Abdul is working with Bernard Van Wie, a professor in the Voiland School, in the area of engineering education. Van Wie’s team recently received a National Science Foundation grant to continue work on the development and use of a desktop learning module (DLM). The DLM, designed by PhD student Paul Golter, is a desktop apparatus with multiple, easily removable cartridges that can be reconfigured to perform experiments. Machinists from the WSU College of Engineering and Architecture Machine Shop were instrumental in helping design and construct the Desktop Learning Module.

Van Wie has been working since the late 1990’s to improve engineering education and to close the gap between how students learn and the way that engineering has traditionally been taught. In particular, he led a team of researchers in developing a curriculum based on Cooperative, Hands-on, Active, Problem-based Learning (CHAPL).

Professional educators have known for years about the benefits of using such learning approaches, and for engineering, hands-on learning is particularly important, says Van Wie. The typical student interested in engineering already tends to be better at learning while doing and at absorbing visual rather than verbal information. While non-lecture techniques have been commonly accepted and used at the elementary school level, they have been slow to be accepted in college, especially in engineering and the hard sciences.

Abdul, who grew up and attended college in Nigeria, remembers suffering through engineering classes that were taught in a traditional format. Professors would come into the classroom, tell students that none of them would receive an A, and then begin lecturing. “They didn’t help us to build our knowledge,” says Abdul.

Many students decided they couldn’t do engineering, and out of his class of 50 students at one of Nigeria’s top universities, only 20 graduated.

Out of the effort to develop an active curriculum, Van Wie uses the DLM for hands-on activities. In classes with the DLM, students learn to match the math they are learning with what is actually happening physically. So, for instance, the DLM contains a heat exchanger. Students conduct experiments to understand the concept of heat transfer between fluids. Understanding the concept of cross-flow and parallel flow can be confusing, says Abdul, but with the DLM, the students can see the difference between the two concepts and then learn to understand the equations “rather than just ‘plugging and chugging,’ ” he says.

The researchers have tested students’ understanding of concepts as they participate in hands-on and project-based learning. From evaluations, the researchers have found students prefer the hands-on activities and the projects that depend on understanding built during those activities.

“They feel that they’re doing real engineering,” says Abdul, “and the group work that they do simulates what happens in an engineering firm.”

The researchers found that working on team-based projects allowed students to learn valuable evaluation skills.
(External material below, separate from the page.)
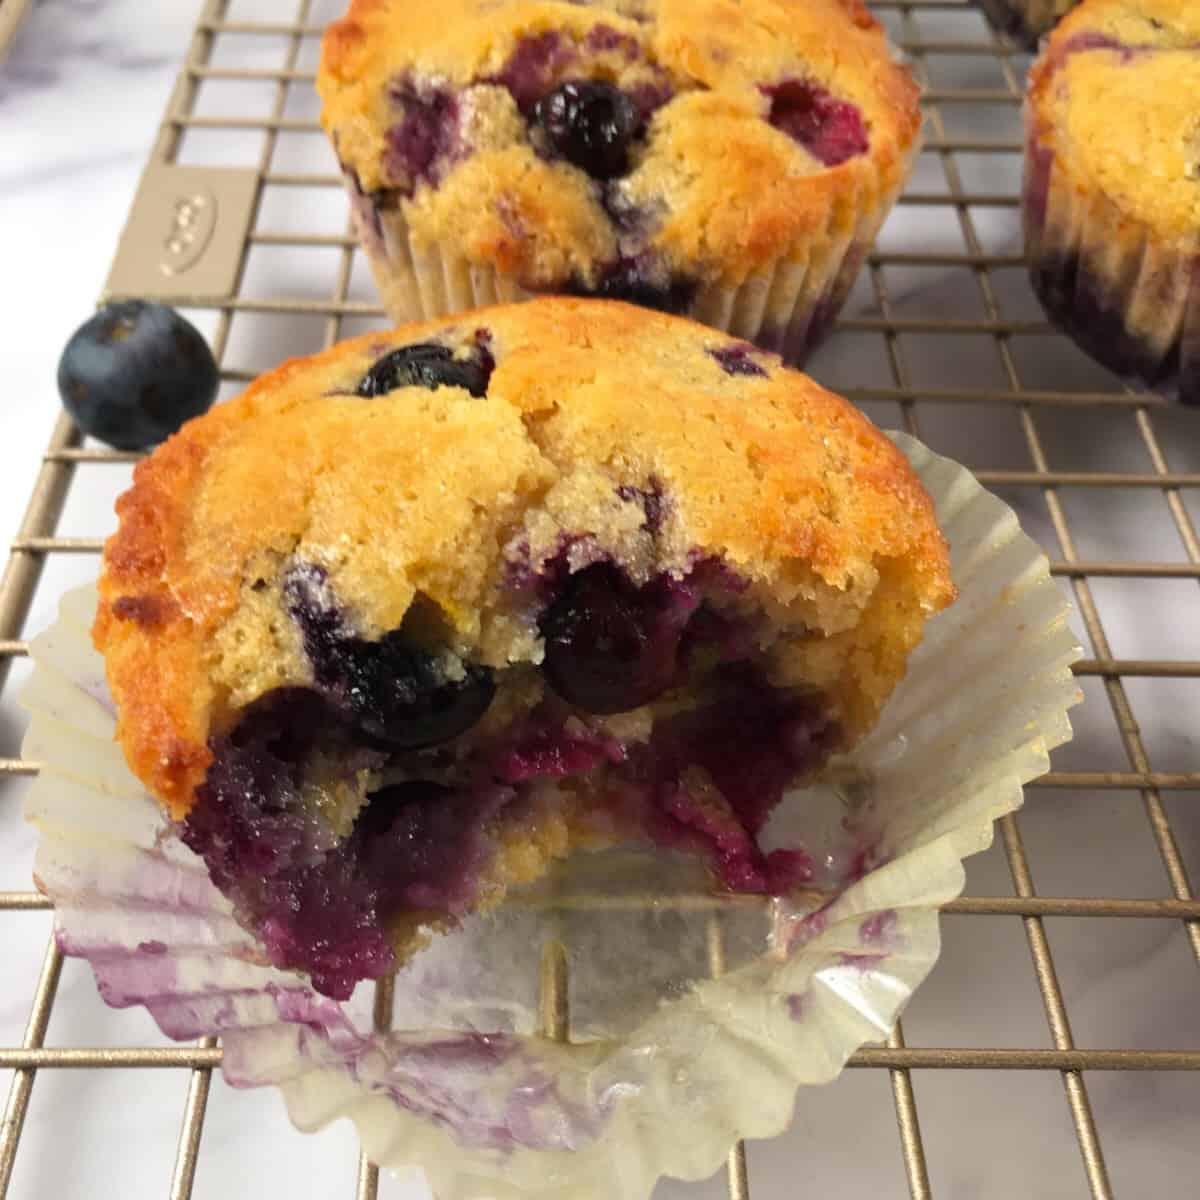 half eaten blueberry muffin

The students actually rated themselves more harshly than professors and industry advisors did.

“The learning that happens is a complex learning experience that is focused and authentic,” says Abdul.
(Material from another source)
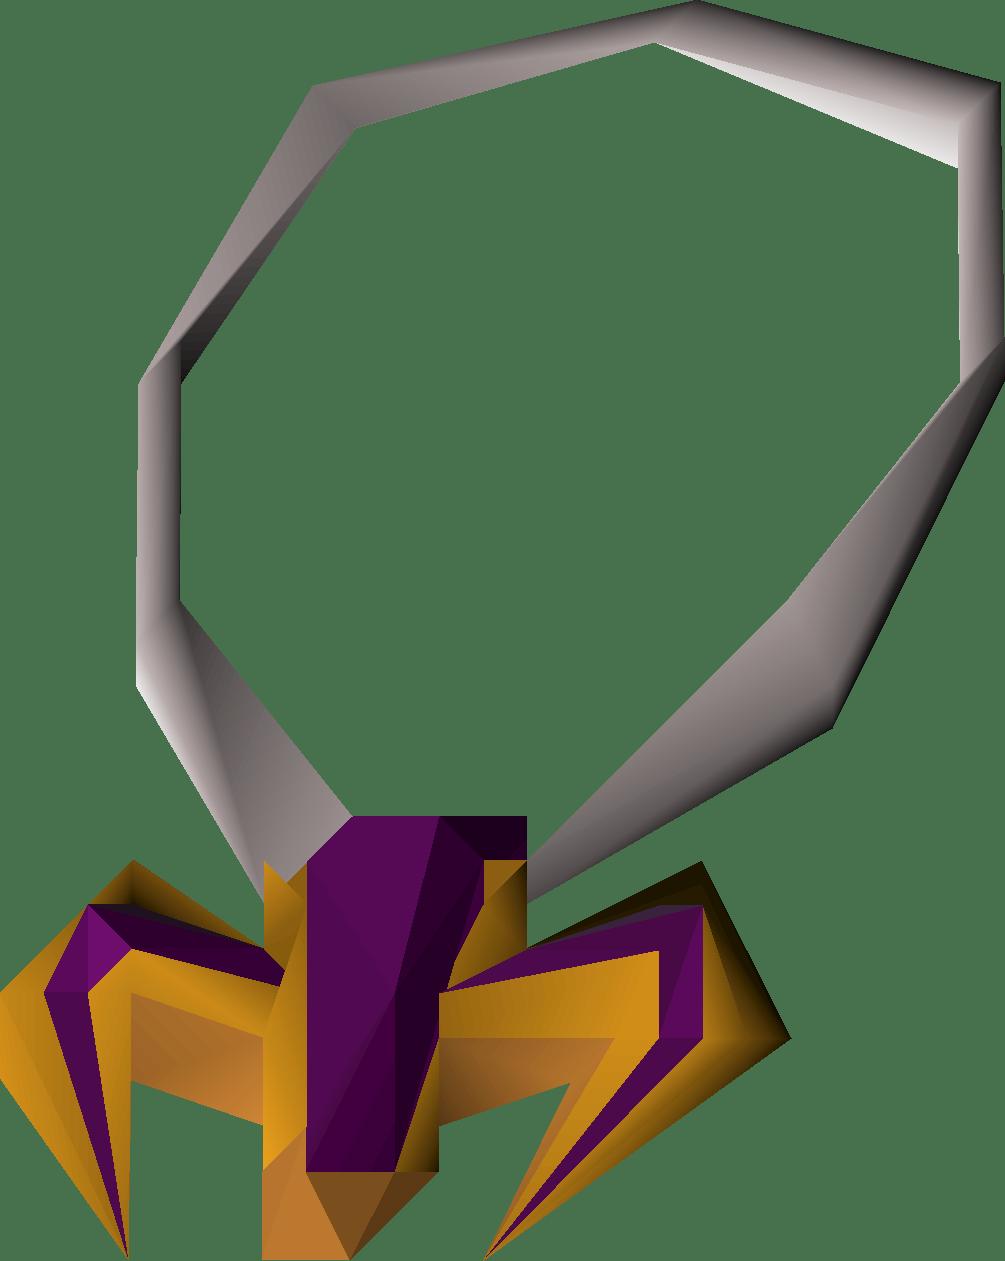 Osrs Dragonstone Amulet : dragonstone, amulet, Amulet, Glory

In the research, Van Wie’s team has shown that students using DLMs have shown statistically significant improvements in critical thinking skills and understanding of engineering concepts.

With the new grant, the researchers will be expanding use of the DLMs from its initial testing in a chemical engineering transport phenomena class into a variety of engineering classrooms, including civil, mechanical, bio- and even electrical engineering. In chemical engineering, the researchers will be trying out the DLM in thermodynamics and in a senior unit operations laboratory.

The DLM is being further used and tested in classes at five different institutions, ranging from a two-year college, to private four-year universities and a research university. The researchers also hope to begin working with industry partners to produce a commercial product. Recently, over the 2010 Christmas break the researchers successfully implemented the DLMs within a University of Oklahoma intersession class with Prof. Ed O’Rear, a collaborator from Oklahoma’s Chemical and Biomolecular Engineering Department.

Imagine Tomorrow at WSU is an annual high school competition that challenges students to seek new ways to support the transition to alternate energy sources. The student team from Lake Roosevelt High School (Mr. Rise was their advisor) entered the 2010 Imagine Tomorrow event last summer, and their project won first place for the category of behavior challenge as well as advisors’ favorite.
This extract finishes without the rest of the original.